Samta Bansal, Brad Griffin and Marc Greenberg, Cadence
EETimes (6/7/2011 1:29 PM EDT )
Today’s mobile devices are about having everything in the palm of your hand, at the touch of a button—from Internet browsing and e-mail to watching high-definition TV or using a GPS. Increasing demand for multimedia features translates into complex design requirements, such as higher performance with reduced power in an ever-smaller footprint.
Design teams have two choices: either shrink the node or innovate some alternative to address the “more than Moore” trend. With development costs heading toward $100 million for the 32-nanometer process node, for example, monolithic mixed-signal SoCs are increasingly challenging and time-consuming to develop.

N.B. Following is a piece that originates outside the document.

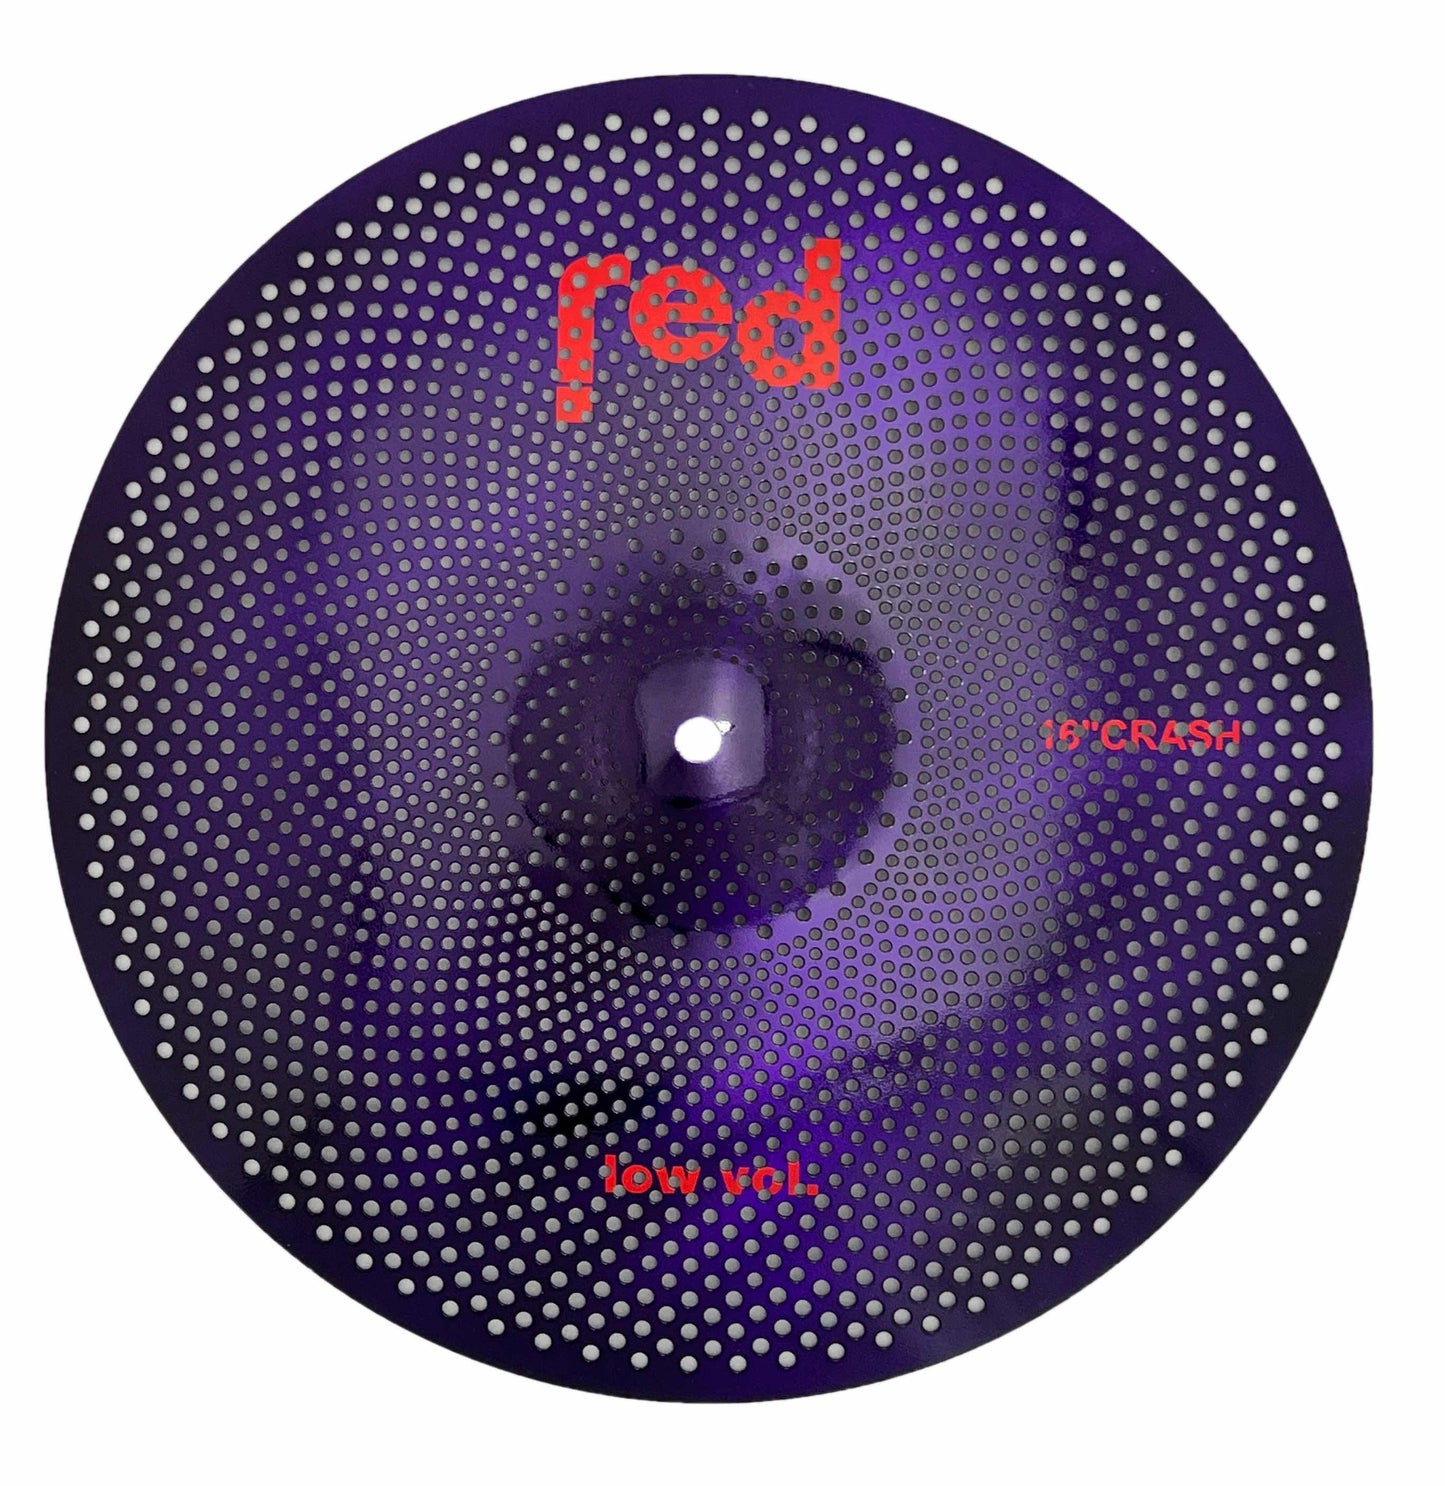 Low Volume 20" Ride Cymbal

Design teams are looking for alternatives to speed time-to-market and reduce costs, and some are finding that using 3-D ICs with through-silicon vias (TSVs) represents the most practical way—or perhaps the only way—to handle design complexity and maximize performance and speed. 3-D ICs promise to meet market demand for miniaturization, higher speed and greater bandwidth, as well as lower latency and power consumption. That makes the move from 2-D to 3-D a natural choice.
The question today is not whether 3-D ICs will be designed and built, but whether design teams (outside of a handful of large semiconductor companies) will have the EDA tools and infrastructure support required to make 3-D-ICs cost-effective.